_WORK REQUIRED_
Everything from the line containing "Pánske nohavice Chena" through the line containing "Dress - Short Sleeve Choker T-Shirt Dress" in the listing below should be copied exactly, and nothing more.
── THE DATA
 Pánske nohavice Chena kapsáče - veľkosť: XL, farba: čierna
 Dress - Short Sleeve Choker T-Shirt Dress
────
── THE DATA
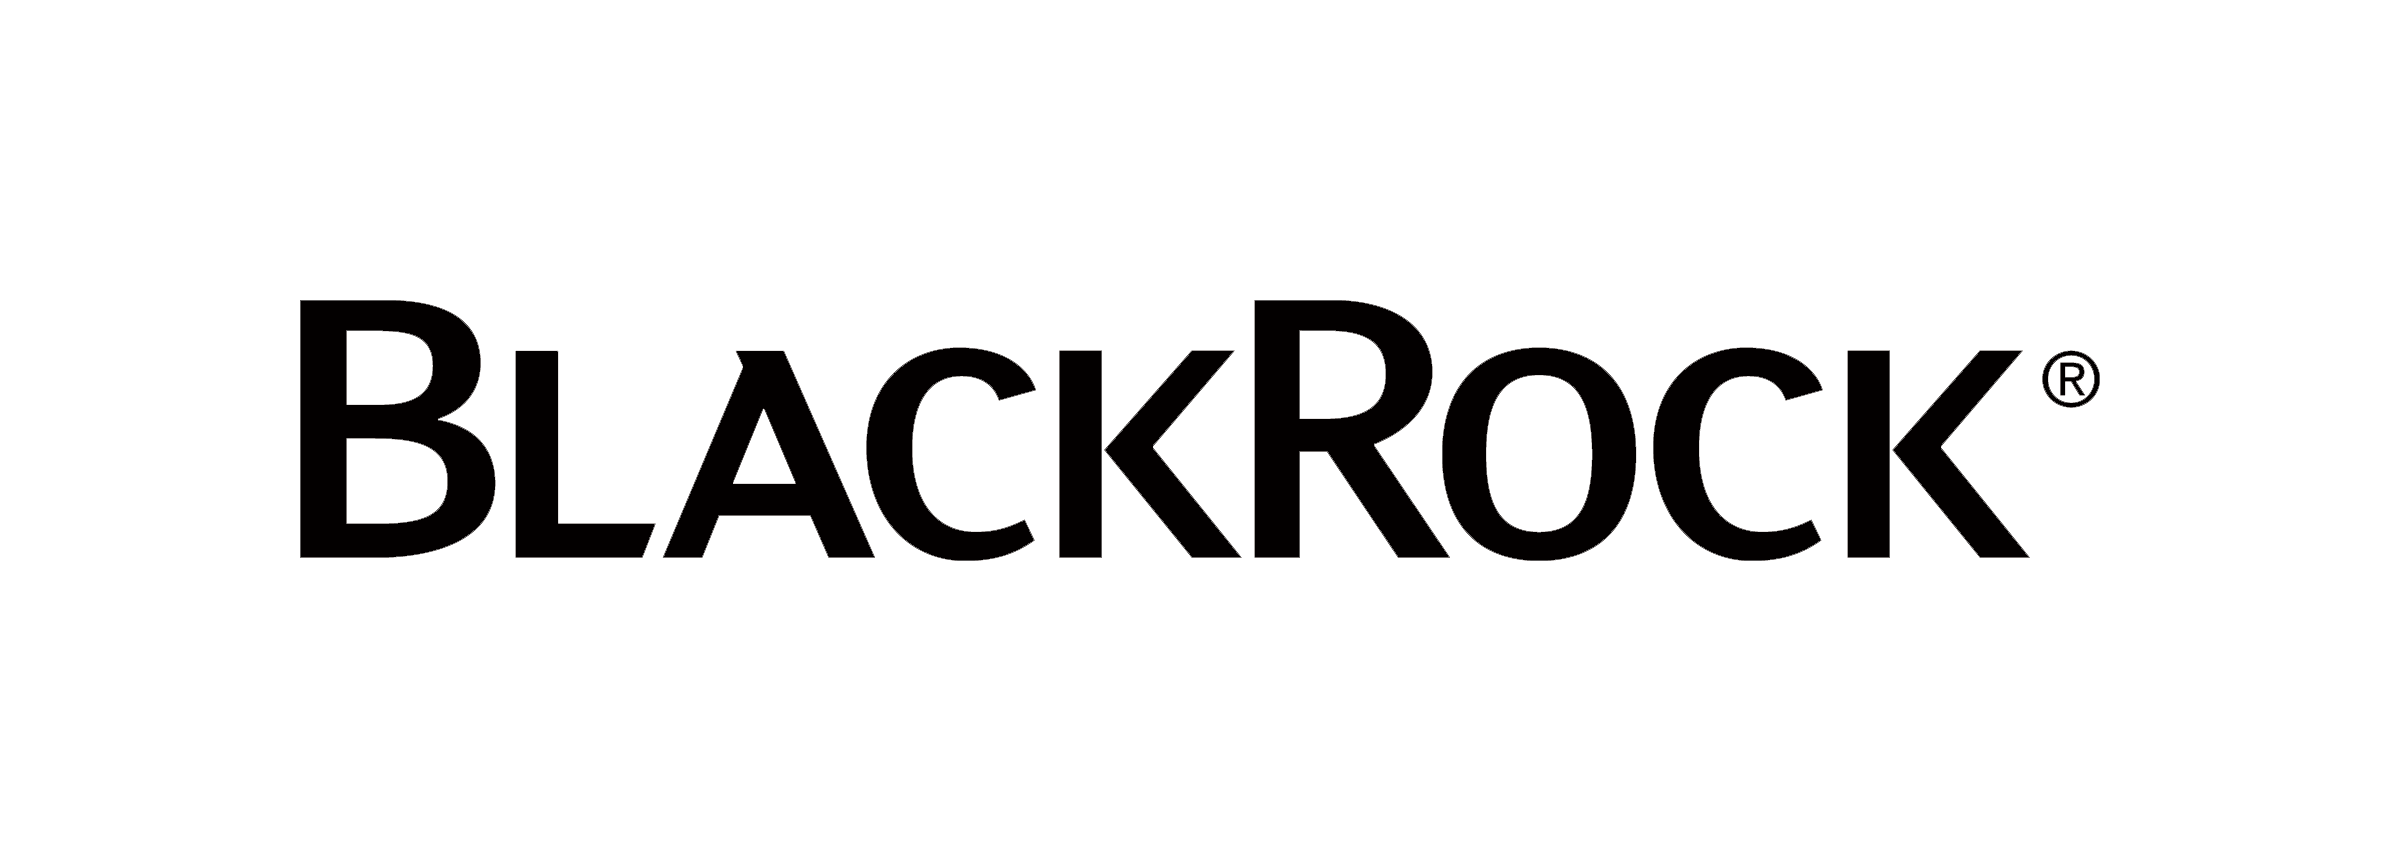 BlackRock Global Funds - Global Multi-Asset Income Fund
────
_RESPONSE BELOW_
 Pánske nohavice Chena kapsáče - veľkosť: XL, farba: čierna
 Dress - Short Sleeve Choker T-Shirt Dress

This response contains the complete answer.